NAV bremst alles dermaßen aus das man es eigentlich garnicht benutzen kann *kopfschüttel*
Ich würde lieber ein bisschen drauf achten was ich öffne und Norton nur für gelegentliche Systemchecks installiert lassen aber es halt nicht immer im Hintergrund wachen lassen, das zieht wirklich arg Performance.
Wies mit NIS weiß ich nicht.
Auf jeden Fall wird das ein wichtiger Posten sein uns des weiteren solltest du mal in die Verwaltung unter Dienste gehn und schauen was du dort deaktivieren kannst, da Windows nämlich viele unnötige Dienste startet.


----------



## interface (10. April 2004)

*Thx*

Danke erstmal das mit dem Nortokram hast klar recht bremst auf jedenfall.
Brauch nur das Zeug da ich ständig online bin.
Was bei mir immer für Viren in emails oder Hackversuche gemeldet werden ist brutal.
Finde nur das das lesen mit und schreiben der Platte mit je 10MB/sec zuwenig ist.
Wenn ich z.Bsp. eine volle CD auf die Platte haue dauert dies so 20min bei meinen anderen 5min das kann doch auch nicht stimmen.

Bis dann


----------



## Heavenly (10. April 2004)

Ja das stimmt, da haut etwas nicht hin.
Schau nochmal in deinem Bios, da dürften sich einige Einstellungen für den ganzen IDE Kram befinden, einfach mal alles durchforsten.
Vielleicht ist ja im Bios der DMA Modus deaktiviert?  Dürfte sich "IDE DMA Mode" nennen und/oder "IDE DMA Transfer". Ist zwar unwarscheinlich das das von allein deaktiviert ist aber man weiß ja nie...

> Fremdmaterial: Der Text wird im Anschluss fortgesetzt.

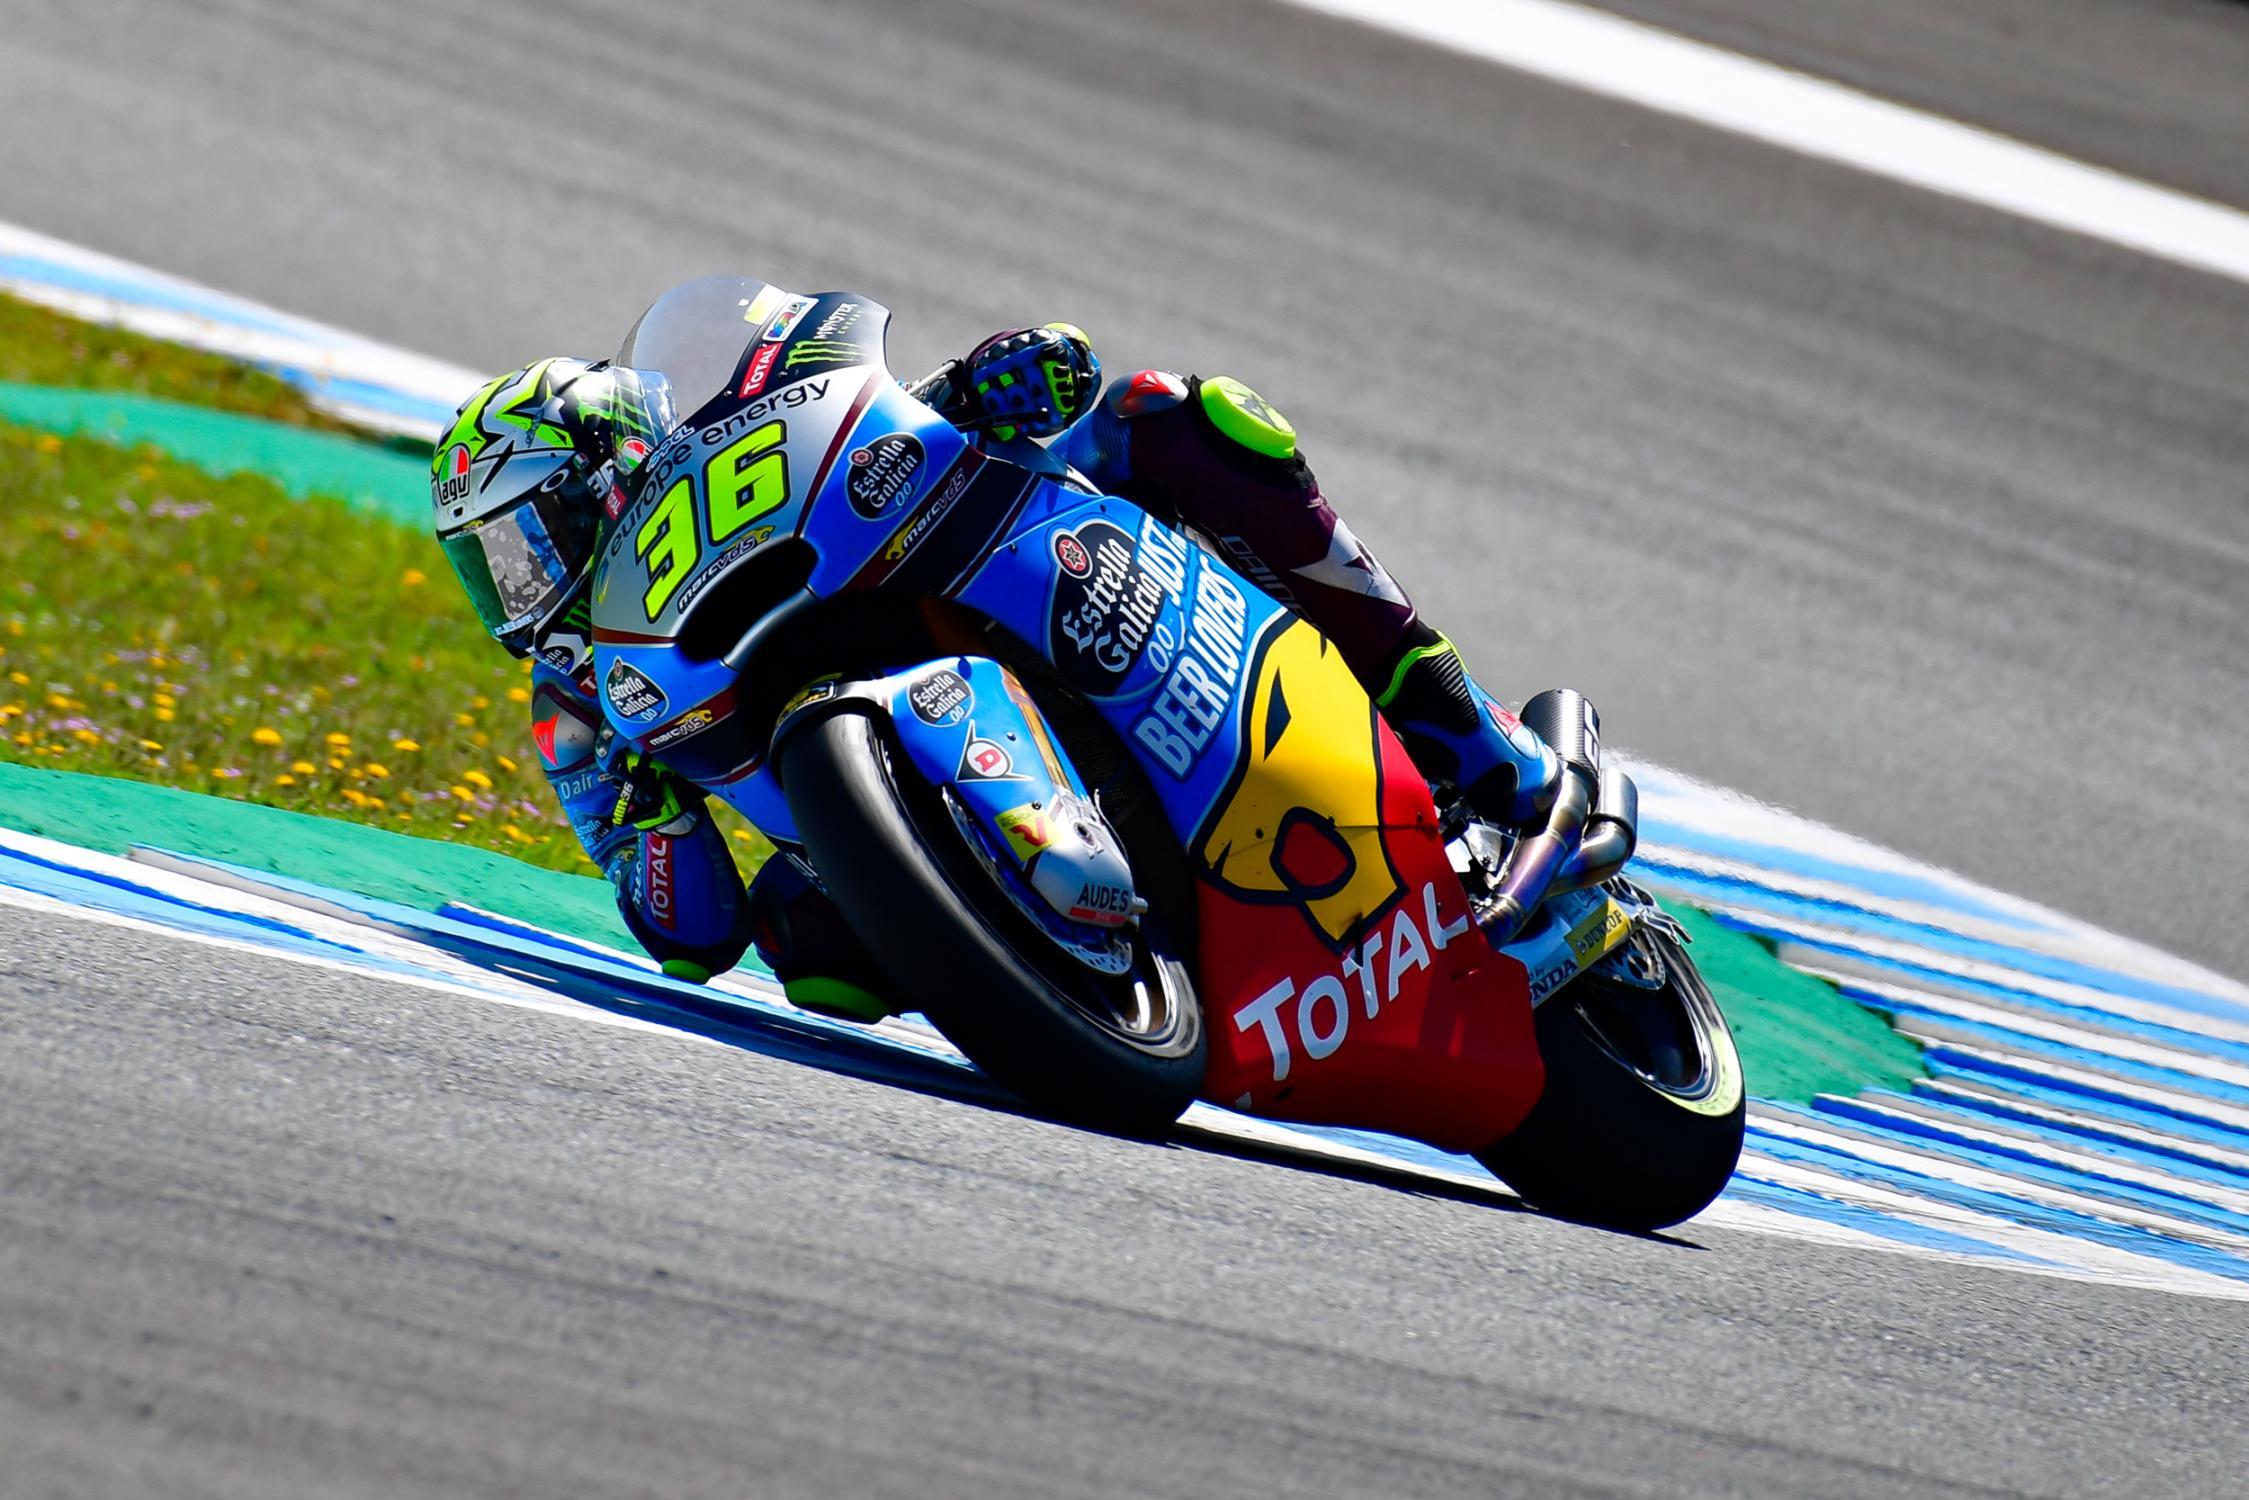 Motosan - Marc Márquez domina la jornada y Ducati se hunde

Und schau mal in den Eigenschaften deiner Platte ob der Schreibcache aktiviert ist,  sollt aber auch standardmäßig ein Häkchen sein schon.


----------



## DSARAB (12. April 2004)

Und schau ob das Akustikmanagment aktiviert ist, denn dann arbeitet die Platte langsamer aber leise. 

Und die 20% CPU auslastung beim idlen (nichtstun) ist auch ein bisschen seeeehr viel. Vor allem mit einem 2,5 Ghz Prozessor. Ich hab ca. 40 Prozesse am laufen, die nichts mit Windows zu tun haben und brauche 2-3% CPU. Das aber auch nur weil der dämliche IE so viel zieht. Ausserdem laufen noch McAfee, Winamp, Mozilla Firebird, Netlimiter, Apache Webserver. Ich hab Athlon 3200+.

Und schau das deine HDD Master ist und auch am Primären Channel klemmt!

@ Heavenly:
Der DMA-Modus kann im Bios nicht deaktiviert sein, da er ja mit einer anderen Platte diese Probleme nicht hat.


MfG, DSARAB


----------